The obvious answer is, no. She is an editorial cartoonist. Like most
in that field she uses pen, ink and paper to knock down the puffed
up with brutally precise accuracy. It’s not a tortured childhood,
but a refined love of justice that drives editorial cartoonists.
It’s what drives Leilah Rampa, who has worked for The Star since
2003. And it’s what regular readers of her work will miss starting
this month. Leilah is leaving the paper to concentrate on earning a
master’s degree at the University of Illinois at Chicago’s School of
Art and Design.
Leilah has had quite a journey since coming to East Alabama
almost 10 years ago as a high school exchange student. She went on
to Jacksonville State University, where she came to the attention of
John Fleming, who was then the paper’s editorial page editor.
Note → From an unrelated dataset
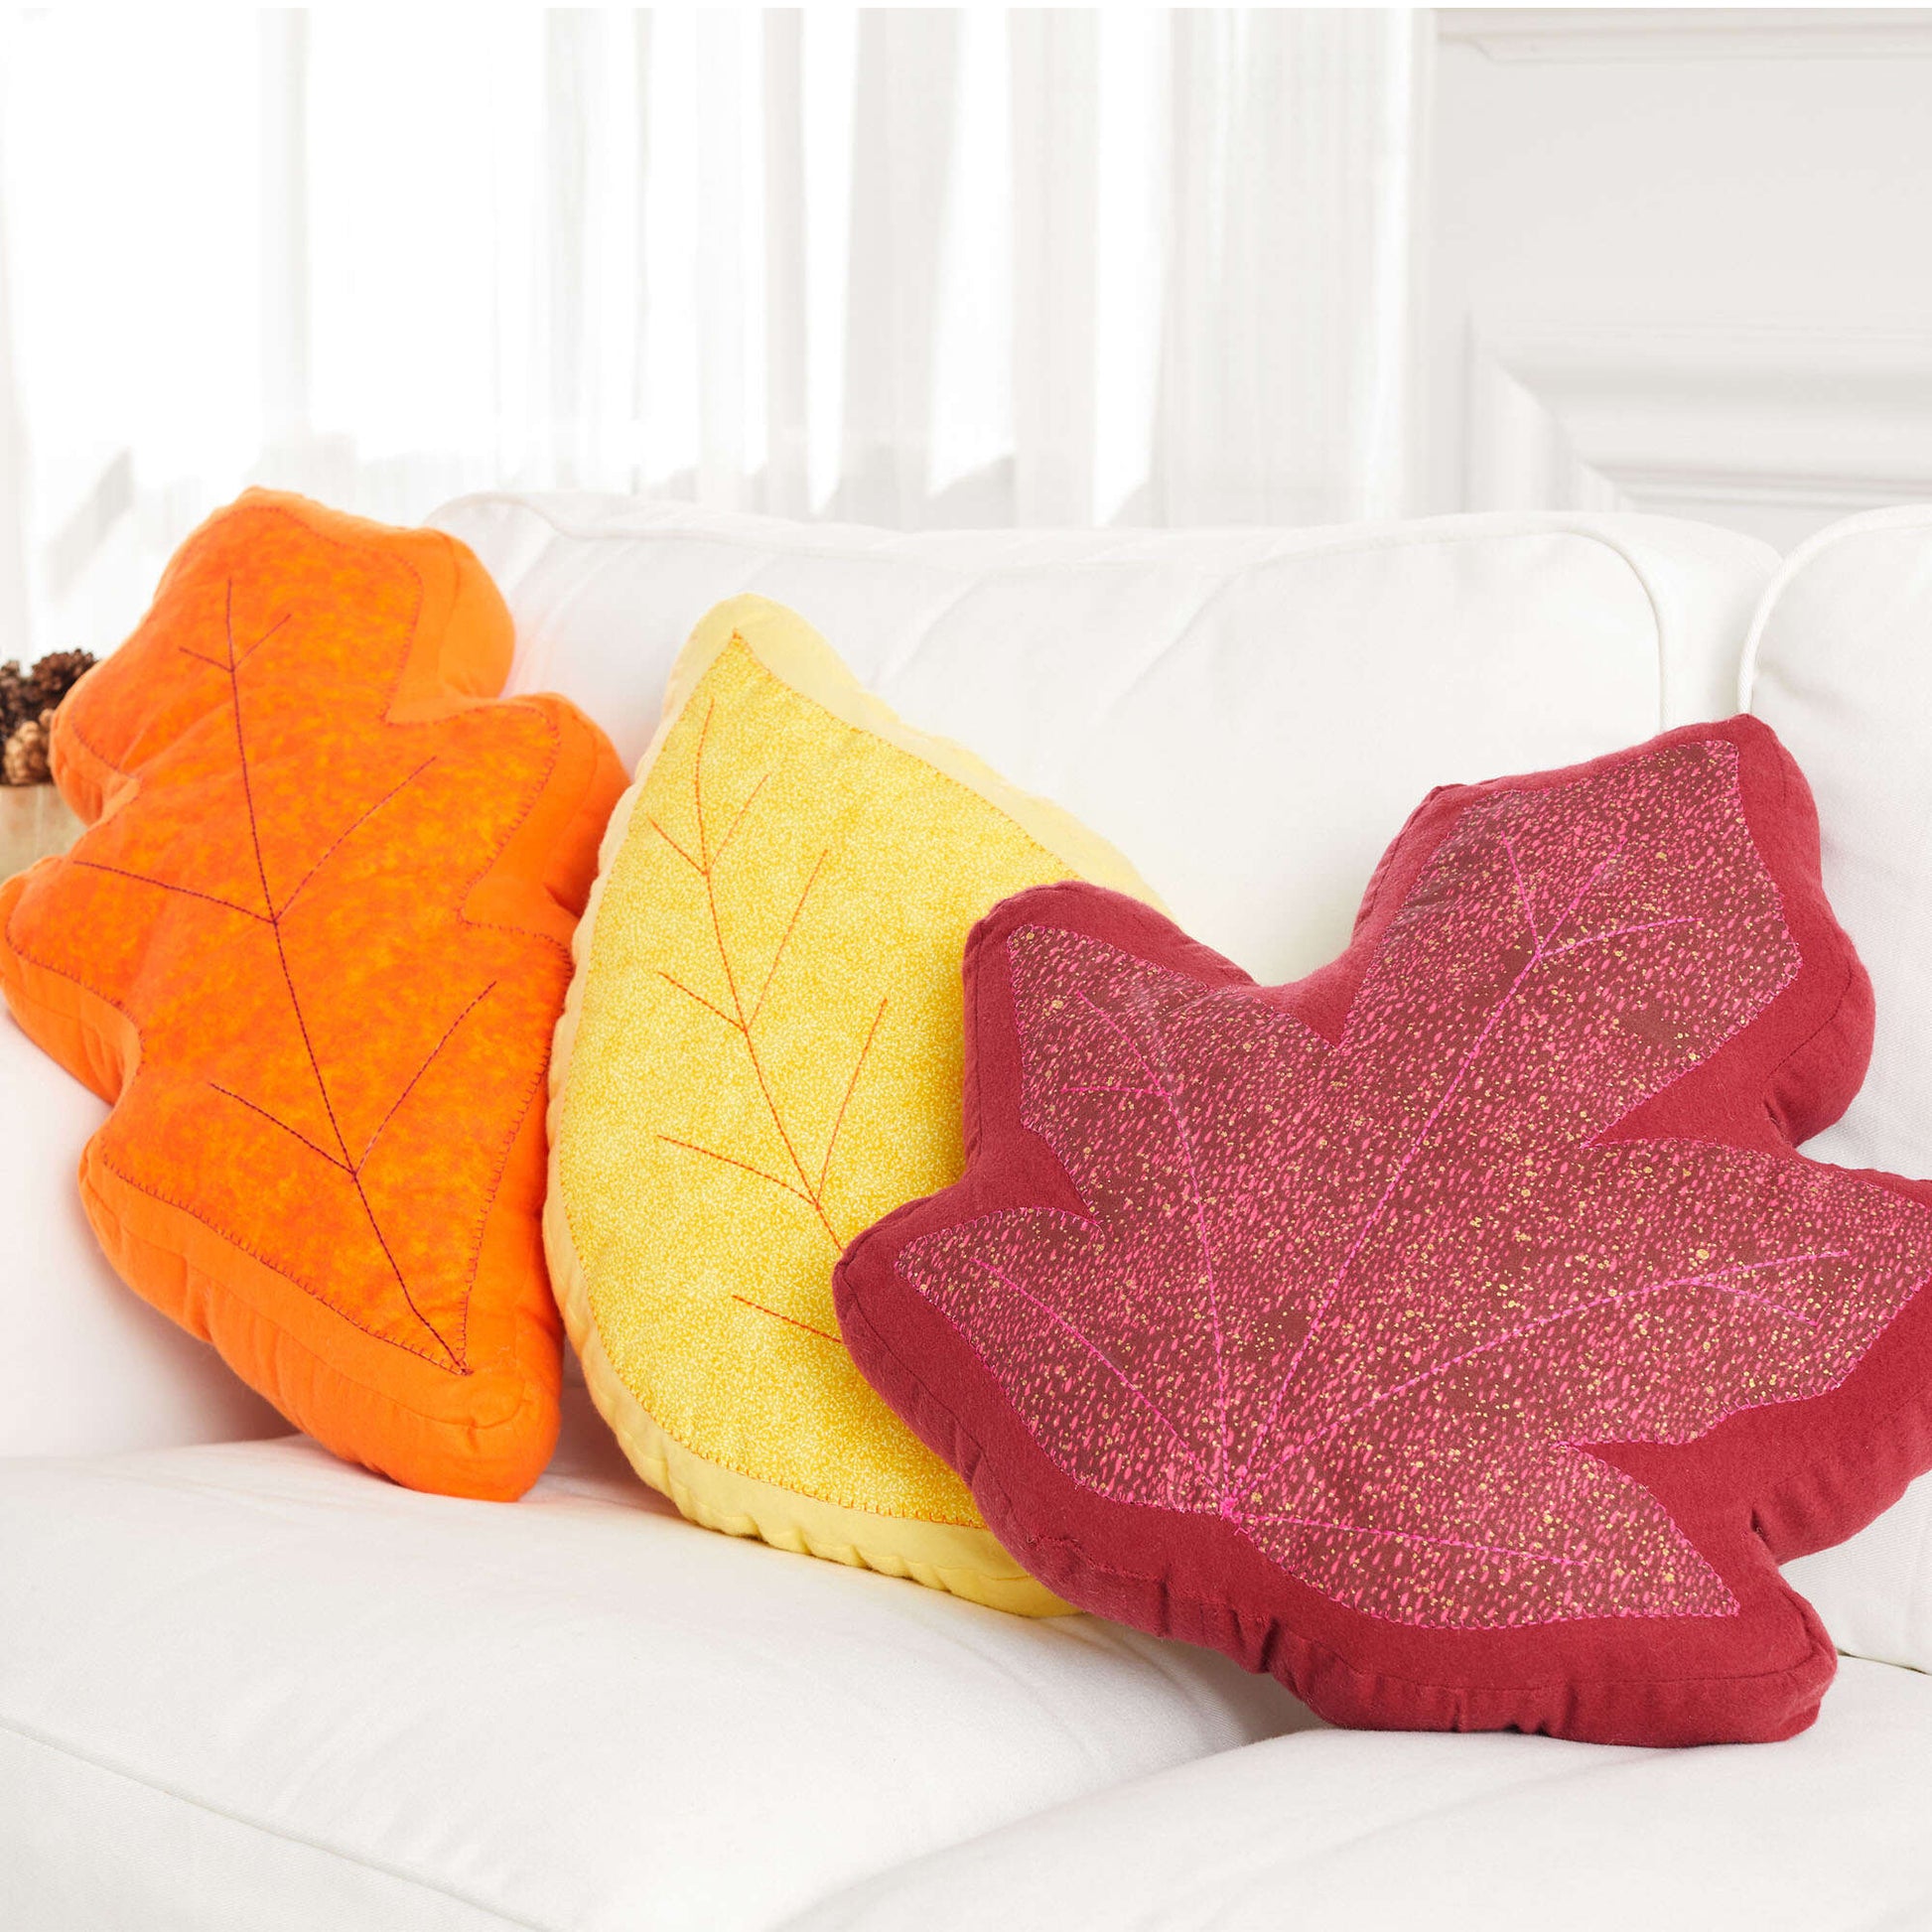 Free Coats Sewing & Clark Autumn Leaves Pillows Pattern

Leilah cut her teeth cartooning in support of Amendment 1, the
2003 move to reform Alabama’s tax structure that eventually died a
brutal death at the polls. It was a worthy introduction to Alabama
politics, a subject her editorial cartooning probed deeply.
Now she is moving on, but not without Alabama leaving its mark on
this native of Chur, Switzerland. Leilah’s Chicago friends tell her
they can hear the South in her Swiss accent. Speaking on the phone
Friday, she told me, “I’ll always have a place in my heart for
Anniston, Ala., and for The Anniston Star.”
Likewise, she has left her mark on this newspaper and its
readers.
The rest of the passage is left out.